To get the full effect of this story, you really have to watch the video. When I posted it to Facebook in 2016, I commented: “The mother’s reaction reinforces my long-held belief that animals matter tremendously, can legitimately be members of a family, and can represent hope and sweetness in otherwise terribly difficult situations.”
You could speculate that Kunkush mattered so much to the refugee family because they had endured extreme adversity and had to cling to any shred of hope available. You could say the same about the Jewish children’s book “Tikvah Means Hope,” by Patricia Polacco, in which a family’s cat seems to have perished in a neighborhood-destroying fire but emerges unscathed at the end, giving the family — yep, you guessed it — an added bit of hope. According to the magazine Booklist, “Tikvah” is “based on the firestorm that ravaged [Polacco’s] hometown of Oakland, California.”
Families displaced from their homes don’t mourn the loss of a toaster. They don’t stay up nights hoping that a cherished DVD player will somehow, against the odds, find its way back to them. It’s possible that, in stories like those of Kunkush and Tikvah, traumatic events don’t artificially inflate pets’ importance within a family but simply reveal how important they already were.

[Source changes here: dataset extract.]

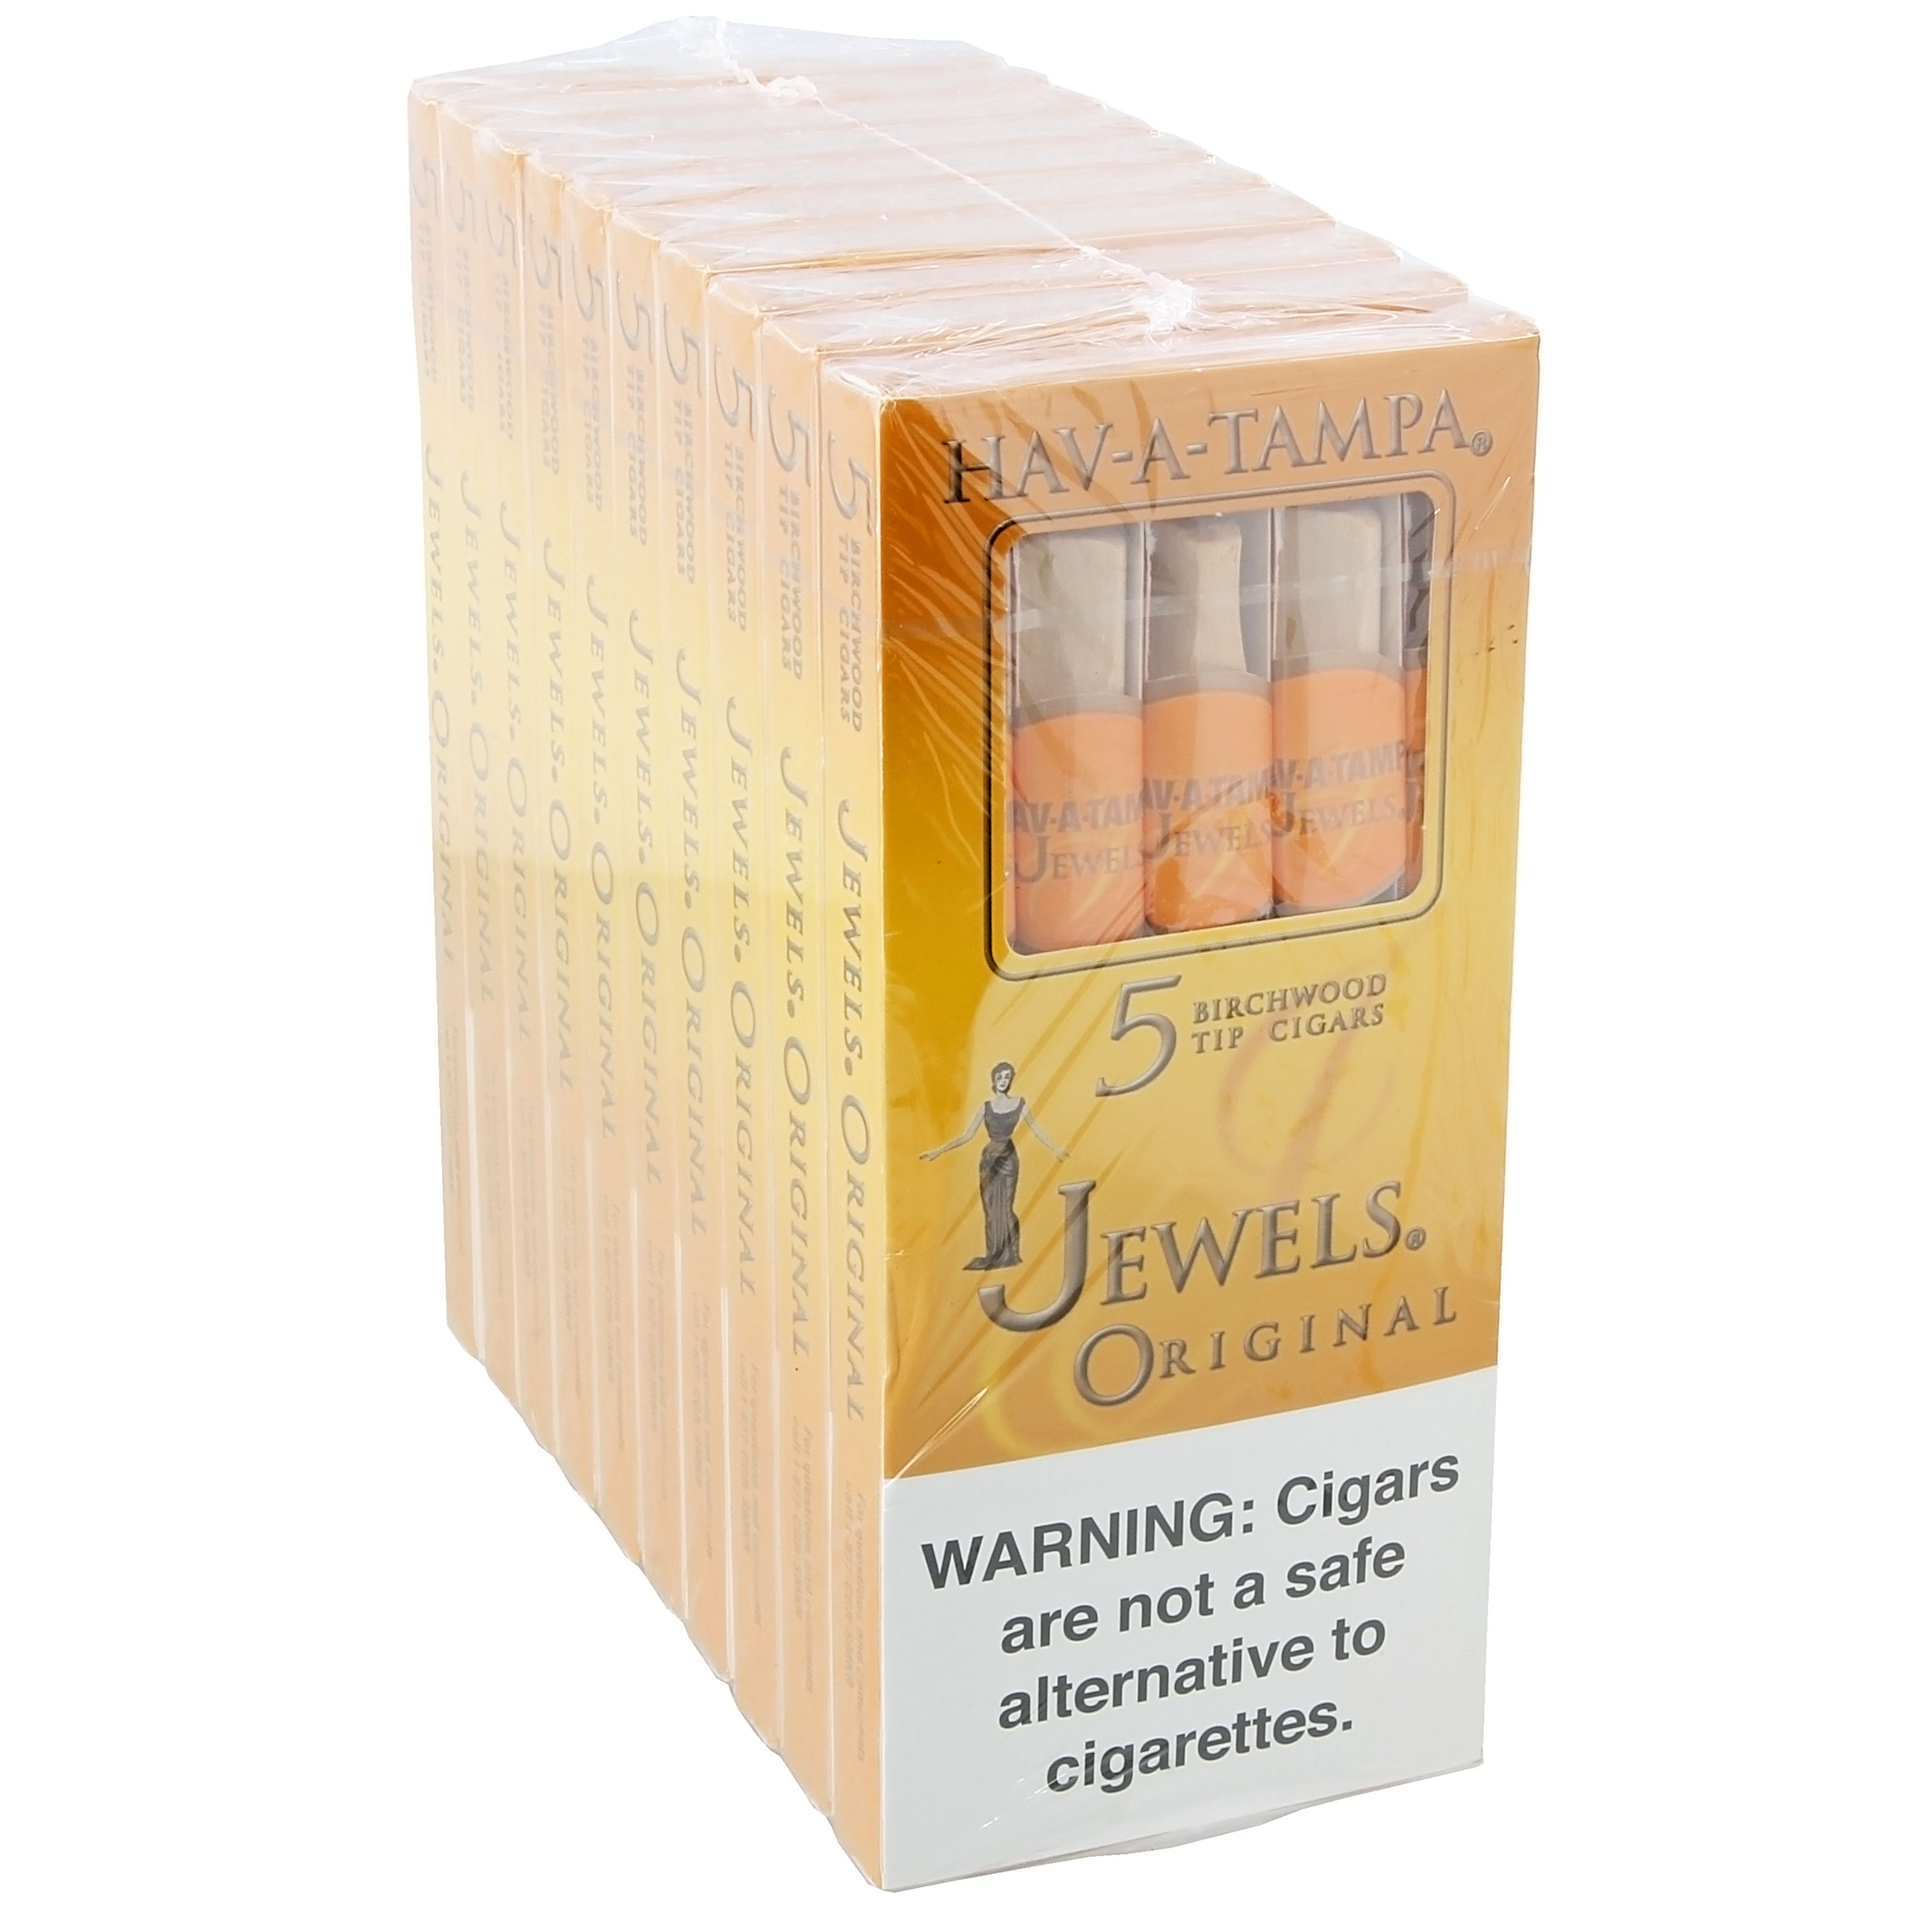 Đánh giá nhanh xì gà mini HAV-A-TAMPA Jewels Original

My first pet grew up with me. When I was born, my family’s Shetland Sheepdog, Lad, was 2 years old. He died when I was 10. I didn’t know what to do, how to grieve, but I do remember that our house felt devastatingly empty after his death. For the rest of my childhood and adolescence, we never got another pet.

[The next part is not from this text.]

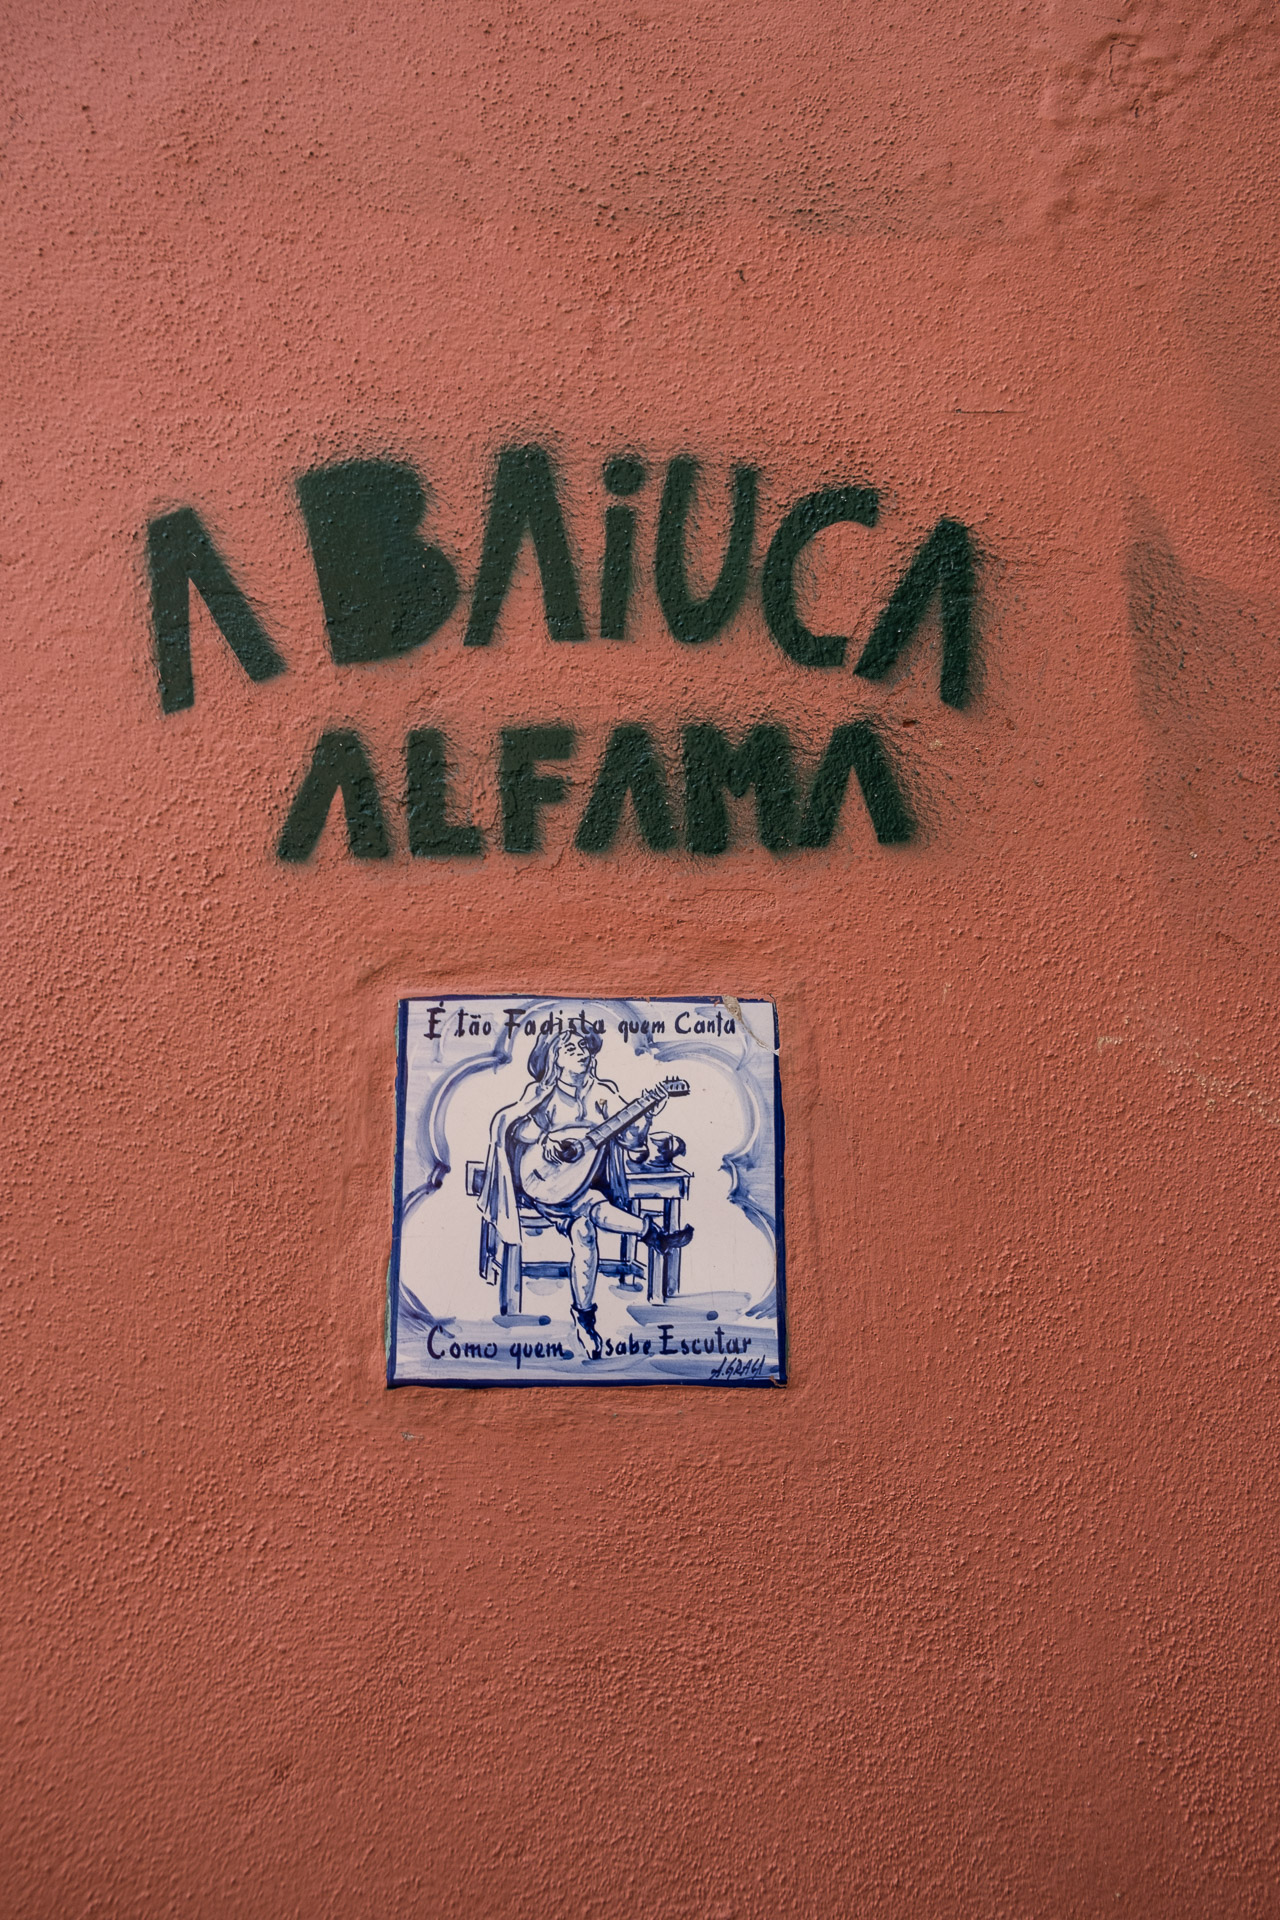 fado streetart in lisbon

The two cats my wife and I have now are the first pets I’ve had as an adult. In both hard times and good ones, they’ve been a tremendous comfort to me, so much so that my wife calls them my “comfort creatures.” They snuggle between my feet when I’m napping, reading, or going to bed. They are ever-ready for affection or playtime.
Animals’ love, and the relationships we have with them, can appear relatively simple. Yet that simplicity detracts not a whit from the power that love and those bonds have to improve our lives. I can’t fully express my gratitude to our two funny, lovable cats for the joy and calm they provide me with each day. When our son, now 10 months old, came home from the hospital as a newborn, the big new chapter of our lives that was starting felt overwhelming to me. The cats gave me a sense of normalcy — they helped me understand that everything would be okay. That’s a debt that’s hard to repay with wet food and catnip toys.
In most of our close relationships, we don’t expect to outlive the loved one. The notable exception: certain family members. From my perspective, the brevity of our pets’ lives does not diminish their value or the realness of their membership in our family. Their time with us is so replete with sweetness that it may as well be a century.